１入力処理部２辞書検索文字列生成処理部３辞書検索処理部４形態素間接続チェック処理部５単語テ−ブル登録処理部６文字種類変化点決定処理部７未登録語範囲決定処理部８解析範囲組み立て処理部９未登録語範囲組み立て処理部１０形態素・品詞並び替え処理部１１出力処理部 1 Input processing unit 2 Dictionary search character string generation processing unit 3 Dictionary search processing unit 4 Morphological connection check processing unit 5 Word table registration processing unit 6 Character type change point determination processing unit 7 Unregistered word range determination processing unit 8 Analysis Range assembly processing unit 9 Unregistered word range assembly processing unit 10 Morphological / part-of-speech rearrangement processing unit 11 Output processing unit

Claims

[Claims]

1. Based on an independent word dictionary in which independent words such as nouns, verbs, adjectives, and adjectives are registered, an adjunct dictionary in which particles, auxiliary verbs, inflectional endings, etc. are registered, and part-of-speech categories and the number of characters of morphemes. And a morpheme connection dictionary that determines whether or not a connection between adjacent morphemes is possible, the input character string is searched for in the independent word dictionary and the adjunct word dictionary, a part of speech is added, and the morpheme connection dictionary is selected from the search results. In the morphological analysis processing method of registering the morphemes that are permitted to connect in the word registration table by the first step, the first step of dividing the character string based on the change information of the character type and determining the divided character string, When the unregistered word in the independent word dictionary and the adjunct word dictionary disconnects the connection of the morphemes in the word registration table, the second step of determining the divided character string including the divided position therein.

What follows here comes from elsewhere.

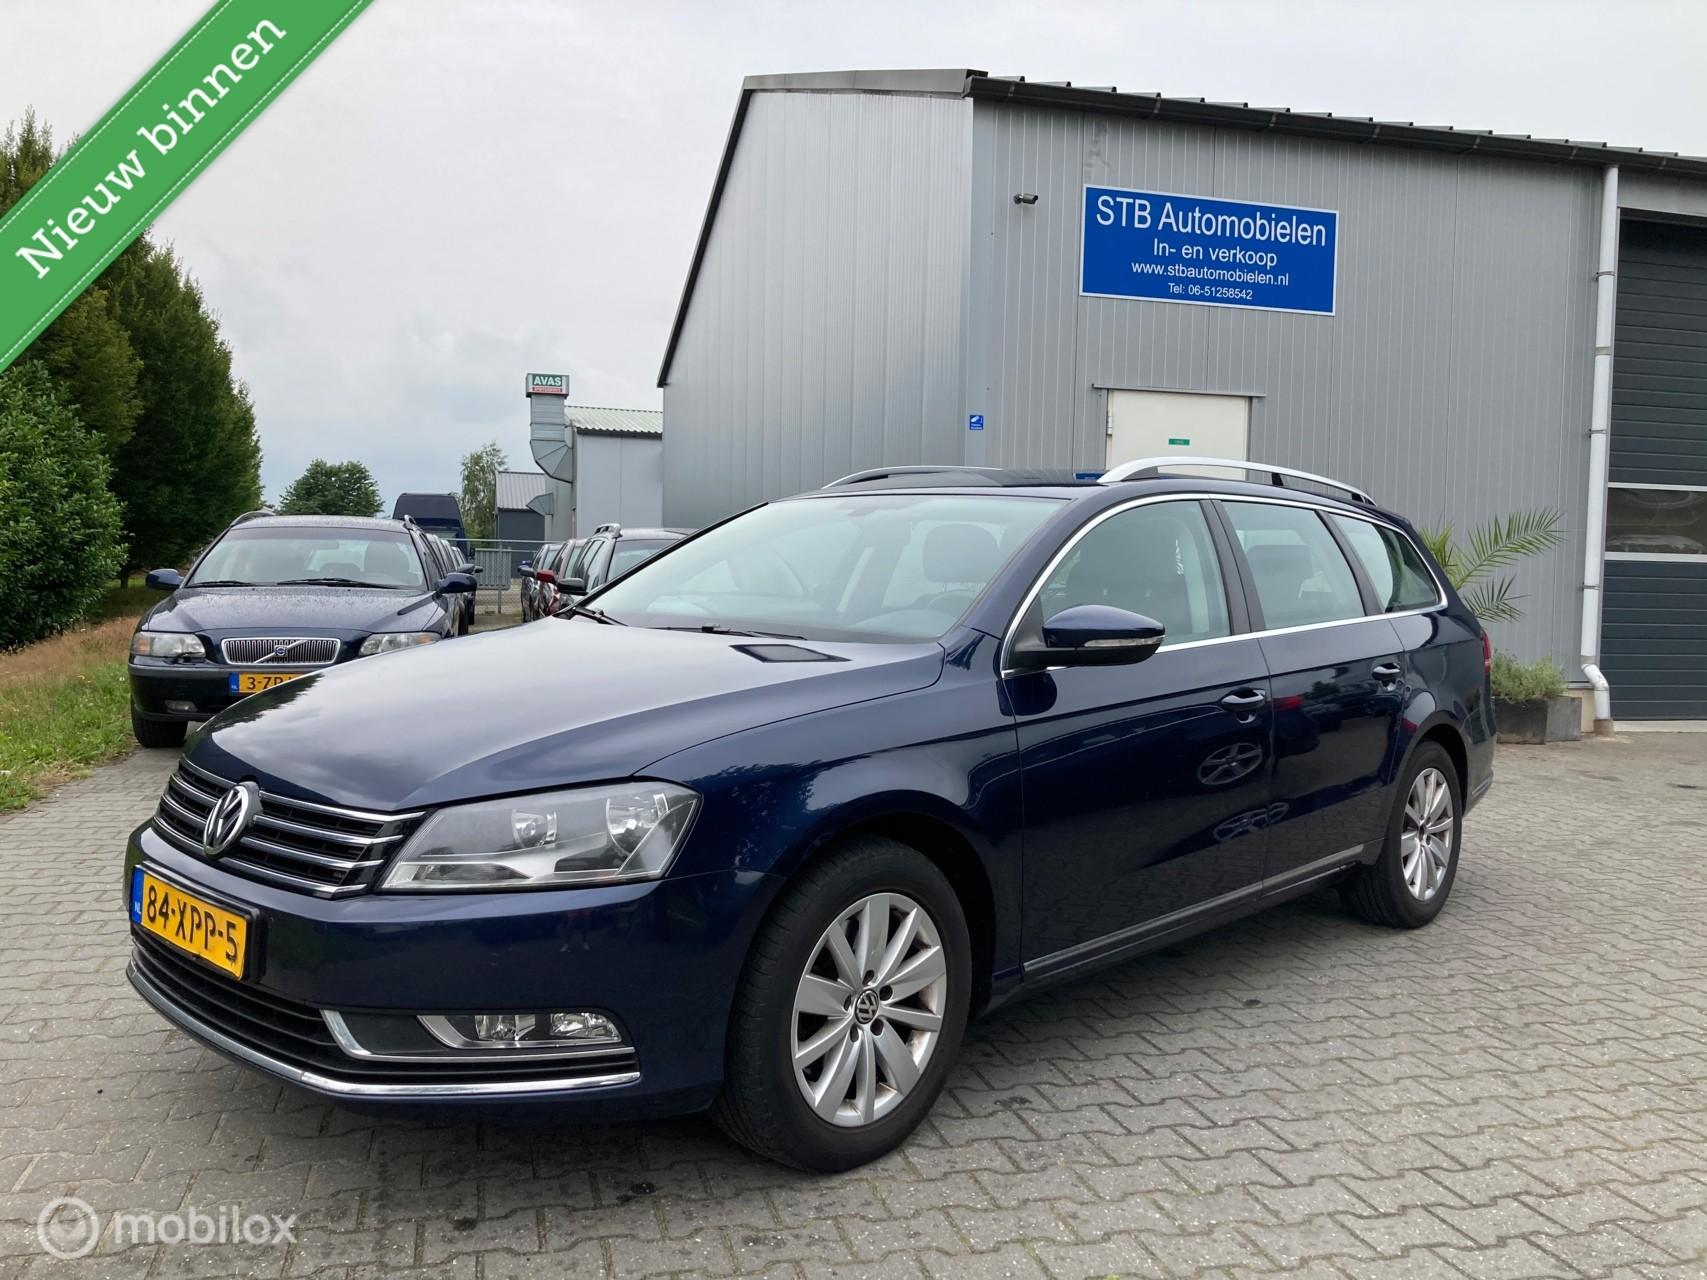 Volkswagen Passat Variant 1.6 TDI, Navi, €4.900,00 ex bpm

And a third step of identifying an unregistered word existing within the range of the divided character string, based on the part-of-speech category of the morpheme, the character type, and the number of characters.

2. The morpheme analysis processing method according to claim 1, wherein a plurality of morpheme division candidates are generated for the same character string by the first step, or the independent word dictionary and attached words. When multiple part-of-speech candidates are generated for the same morpheme by searching the dictionary, the morpheme division candidate and part-of-speech candidate are likely to be obtained based on the connection priority rule of the part-of-speech category between adjacent morphemes. A morphological analysis processing method comprising a fourth step of rearranging in order.